They took $100M in D round funding in last 2018 [1], so it's likely a victory
lap to validate their investment, and also a "see, you should buy us" post for
engineering managers buying their services.

And, that said, they aren't wrong. It's a solid model.

[1]
[https://about.gitlab.com/2018/09/19/announcing-100m-series-d...](https://about.gitlab.com/2018/09/19/announcing-100m-series-
d-funding/)

------
kareemm
GitLab is right.

I ran a company that was in the GitHub marketplace and was a partner. At the
GH partner day a few years ago they shared their view the world: their
thinking was that it was preferable for devs to be able to use “best in class”
tooling for CI, project management, etc, with gitHub’s version control at the
center.

GitHub contrasted this with the “one stop shop” approach where you get all
your Dev needs met with (presumably) inferior tools from a single vendor.

Because, the thinking went, how could one vendor do everything better than
many vendors? Especially if you have sets of vendors focused on one tool in
the Dev toolchain?

Between Projects, Actions, and CI/CD, it seems GItHub has indeed come around
to the one stop shop view of the developer toolchain.

I guess each of those only has to be good enough and not best in class. And
there are efficiencies to be gained for customers from an integrated approach.

------
tosh
I found the post interesting from a product-management angle.

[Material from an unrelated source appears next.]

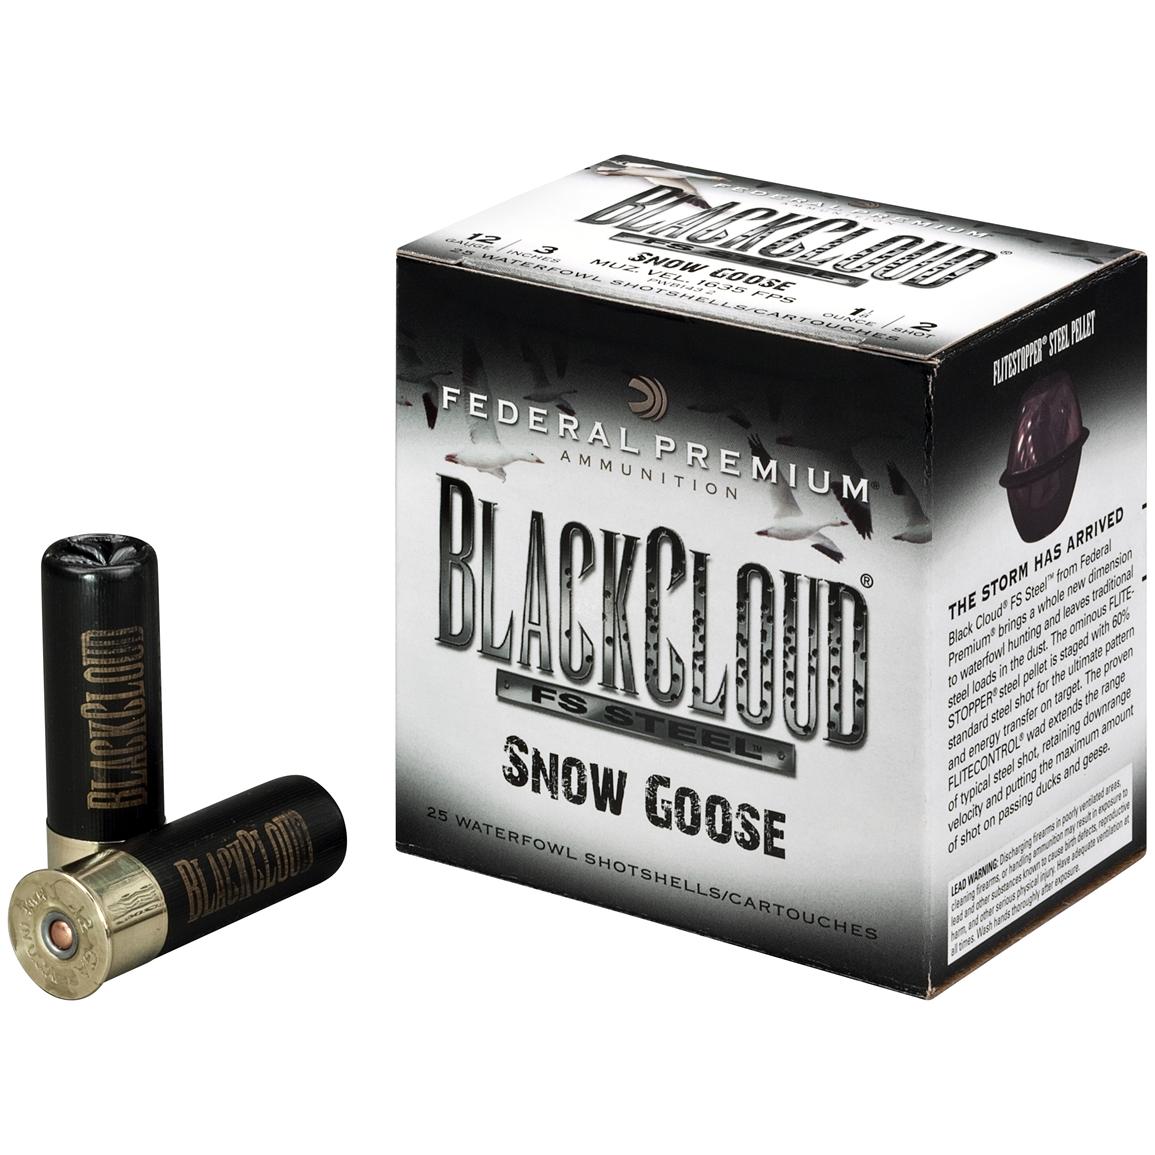 25-rounds-federal-premium-black-cloud-snow-goose-shot-shells-228720

The decision to fuse the two components (SCM and CI/CD) must have been quite a
leap of faith. Wasn't aware of this.

------
statictype
_GitLab will automatically detect where in your codebase that vulnerability
exists, update the dependency, and deliver it to your production environment._

Auto patching and deploying to production in an automated fashion sounds like
a terrible idea. Do people actually do this? Does it work for them?

------
deckar01
I think what GitLab really needs is what a lot of open source projects are
lacking: popular community forks. Their product development benefits from the
community's QA feedback, but there are no community forks (that I am aware of)
that are taking GitLab CE in directions that gitlab-org won't go. IO did this
for Node and everyone has benefitted.

I think GitHub's UX has caused new developers to lose true meaning of fork.
When software doesn't work the way you want it to, you fork it, and if other
people want it enough, they will merge it into their own forks and maybe some
day it will get adopted upstream.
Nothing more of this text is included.